[Opening Recorded information section]

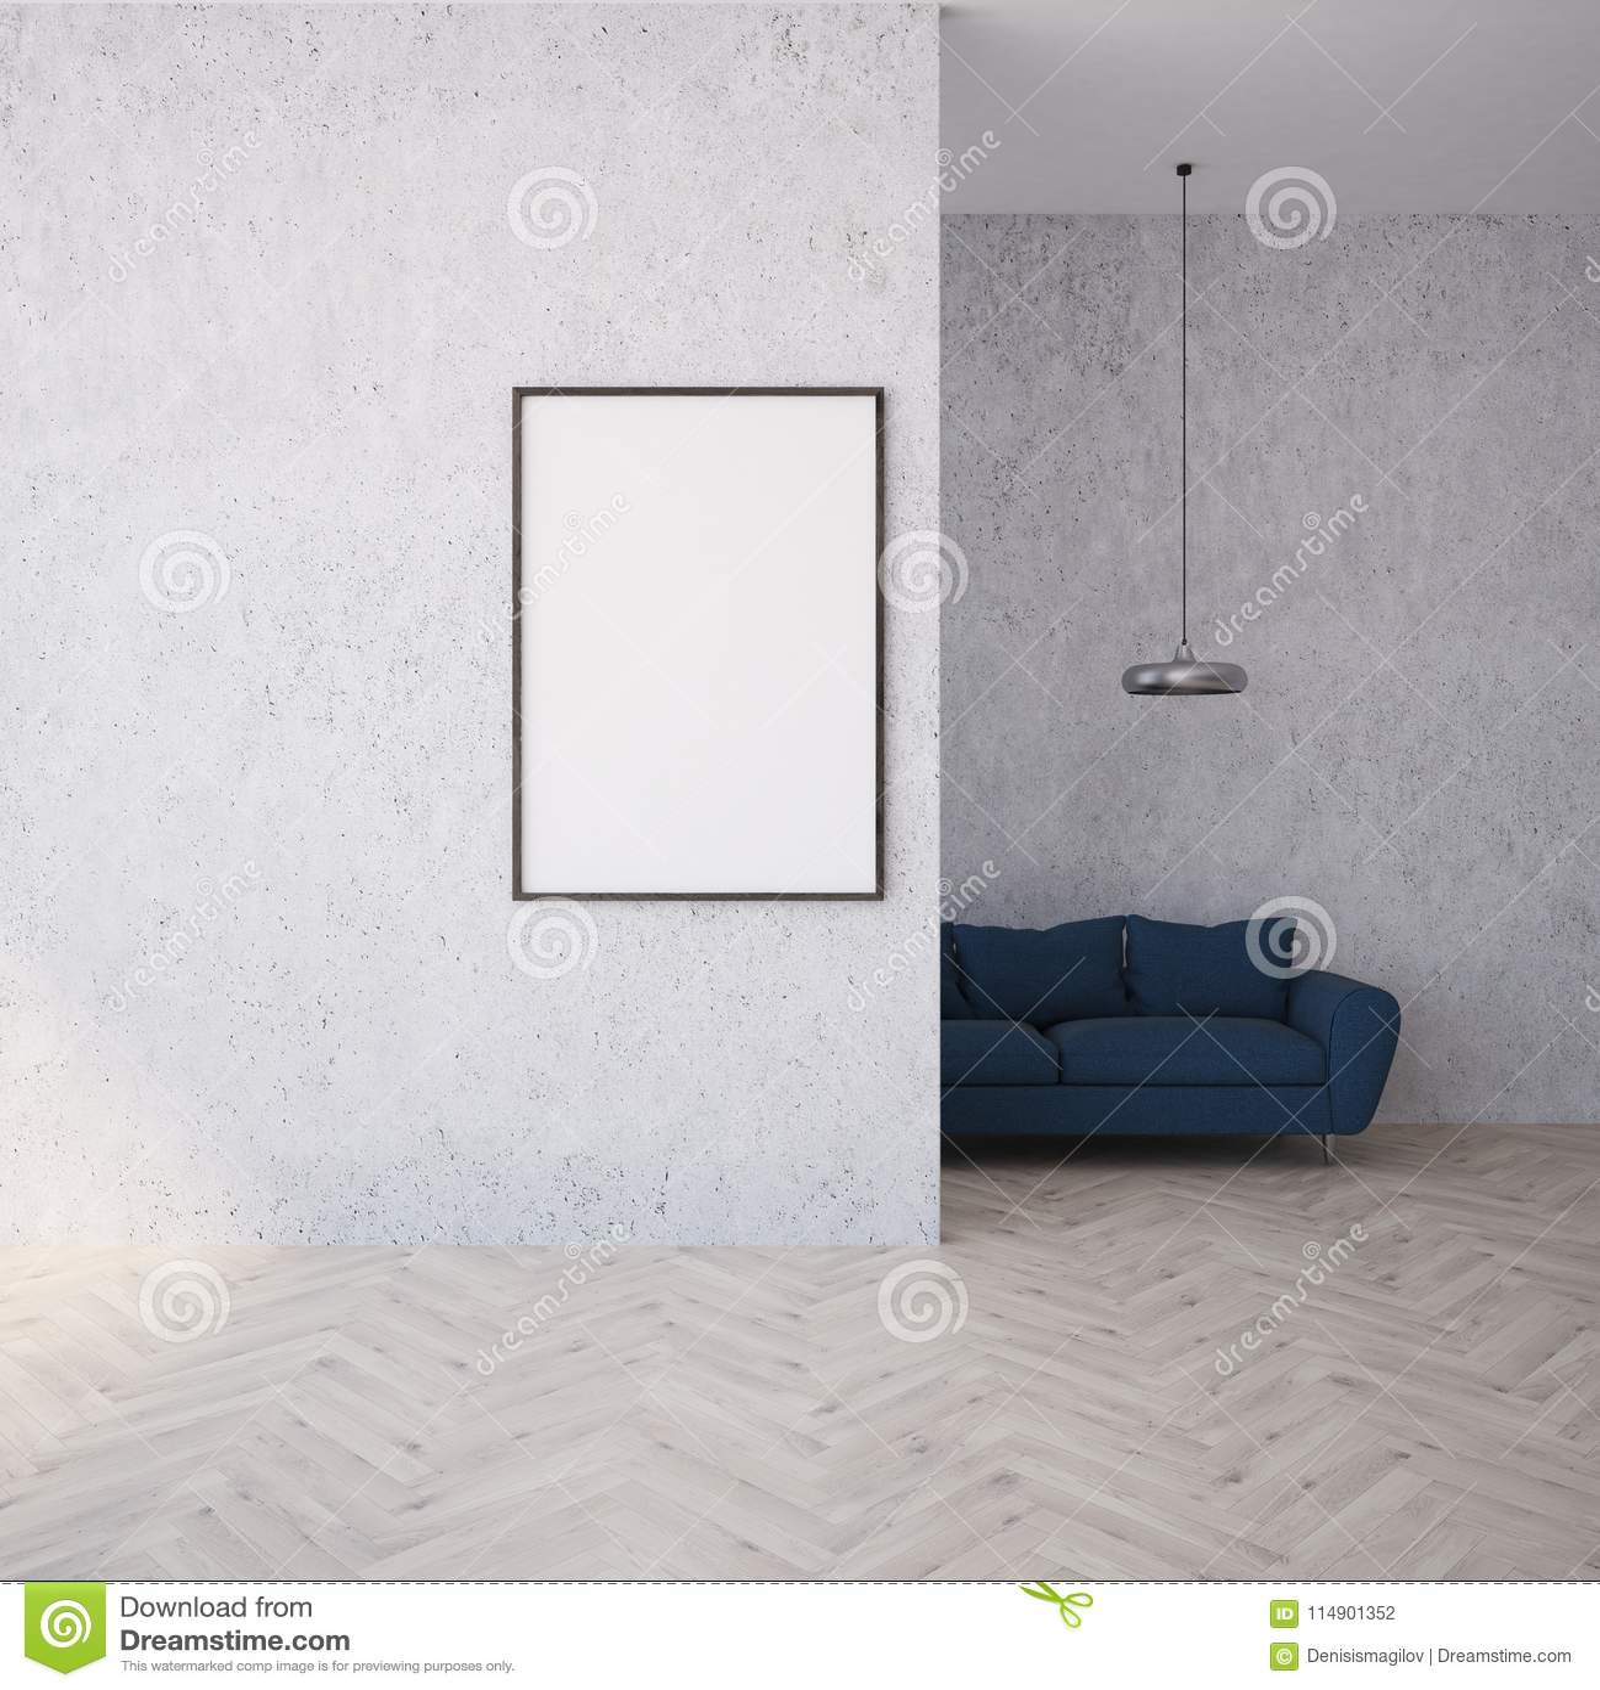 Terrific White Living Room Black Sofa Poster Stock Illustration Beatyapartments Chair Design Images Beatyapartmentscom
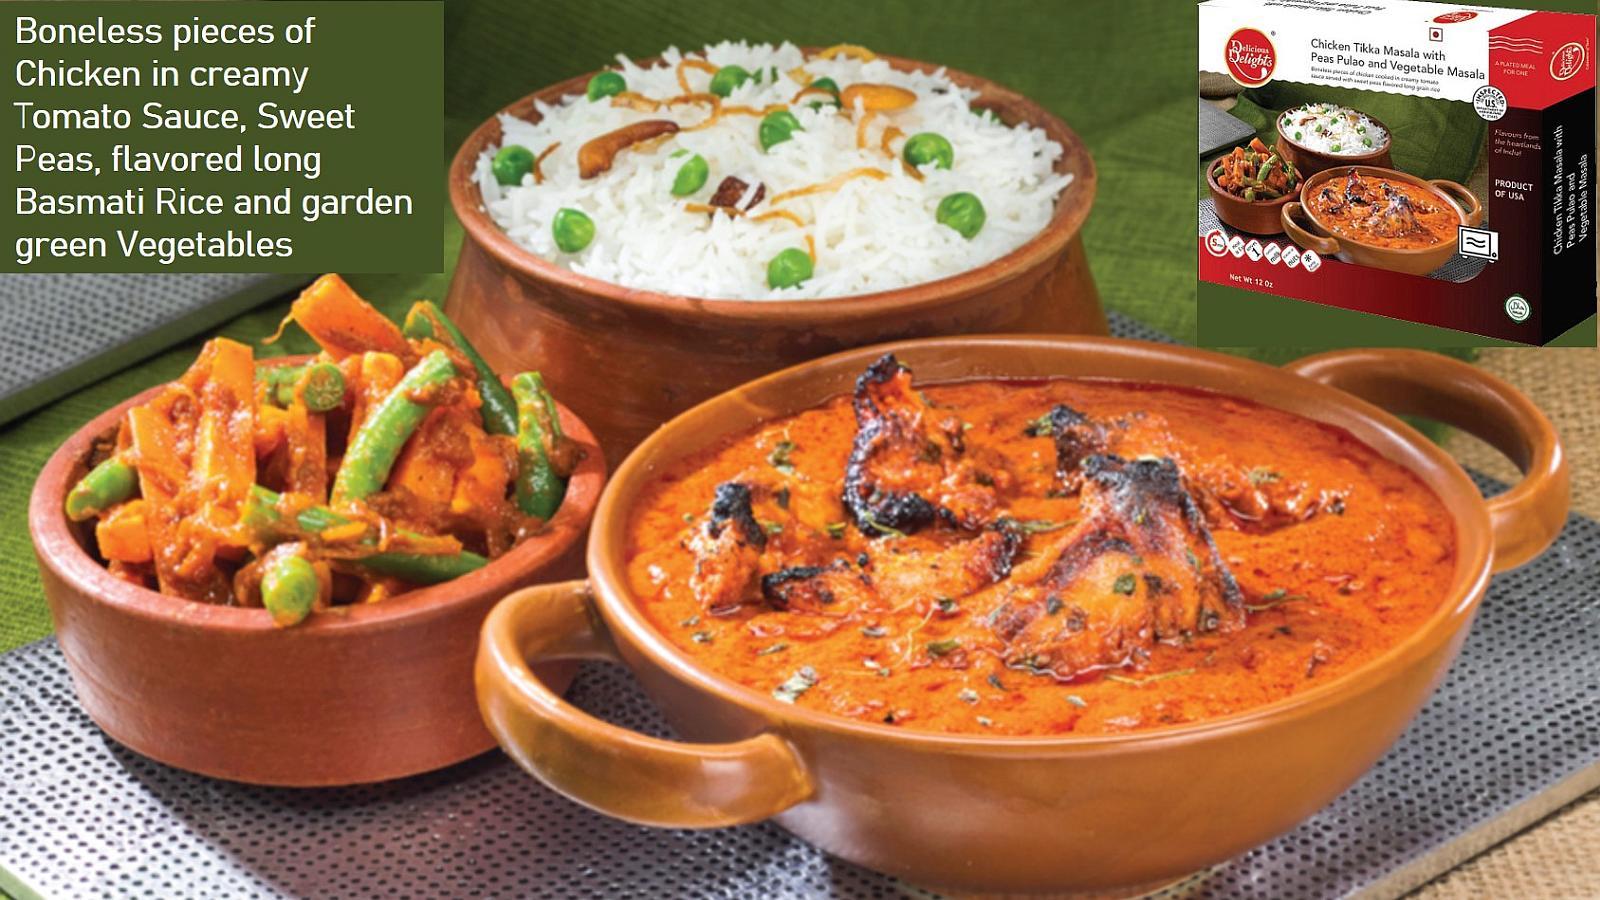 Basmati Peas Pulao - Chicken Tikka Masala - Vegetable Masala
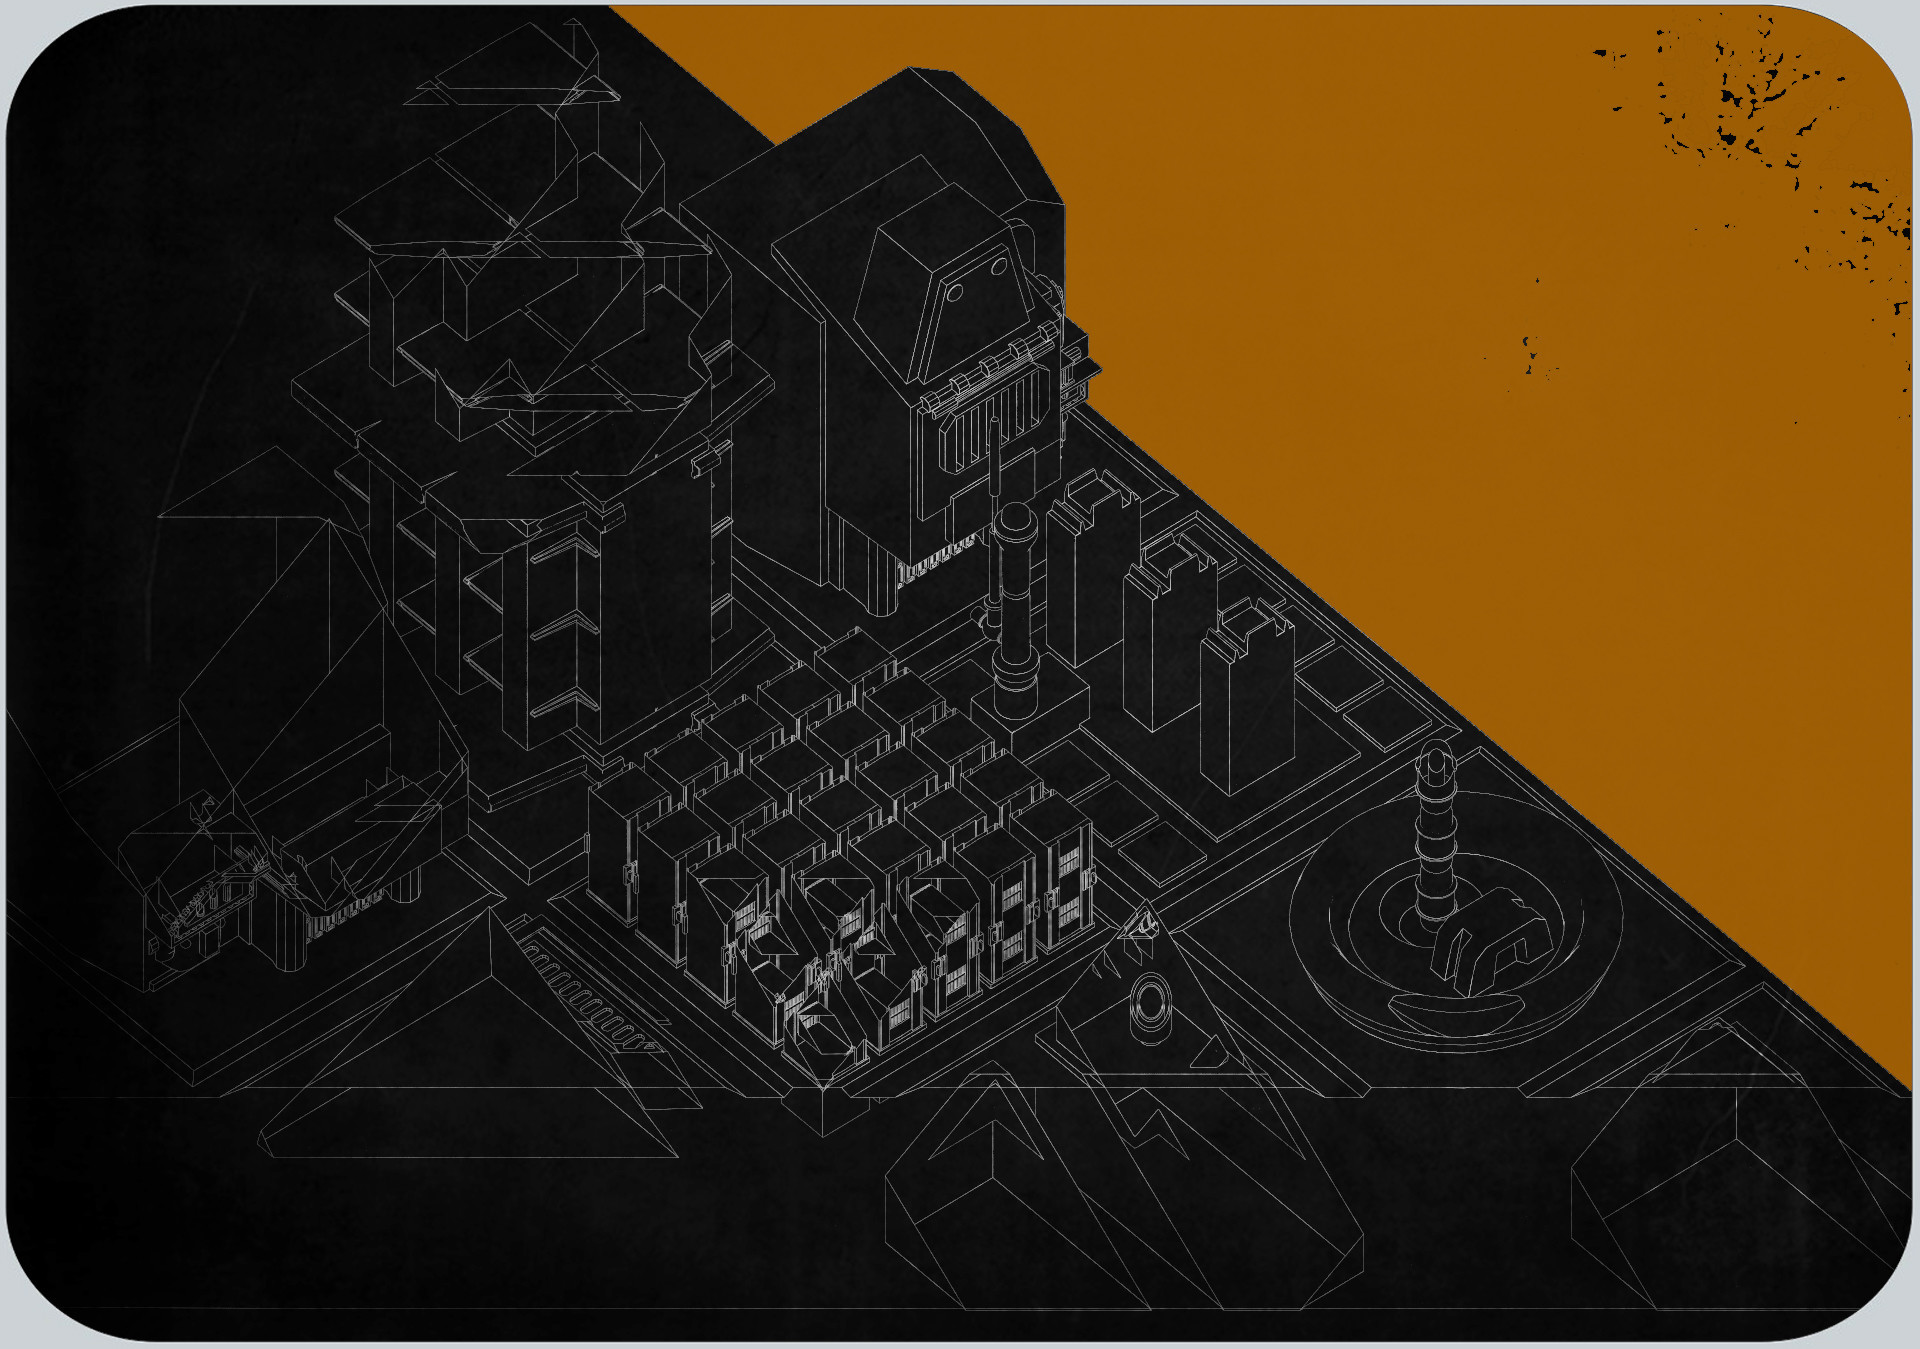 Ben nicholas ben nicholas sovietblueprint abstraction 03

[Closing Recorded information section]

Goal of the exercise → Any picture found in the data is to be skipped while the rest is copied exactly.

Written solution →
 Terrific White Living Room Black Sofa Poster Stock Illustration Beatyapartments Chair Design Images Beatyapartmentscom
 Basmati Peas Pulao - Chicken Tikka Masala - Vegetable Masala
 Ben nicholas ben nicholas sovietblueprint abstraction 03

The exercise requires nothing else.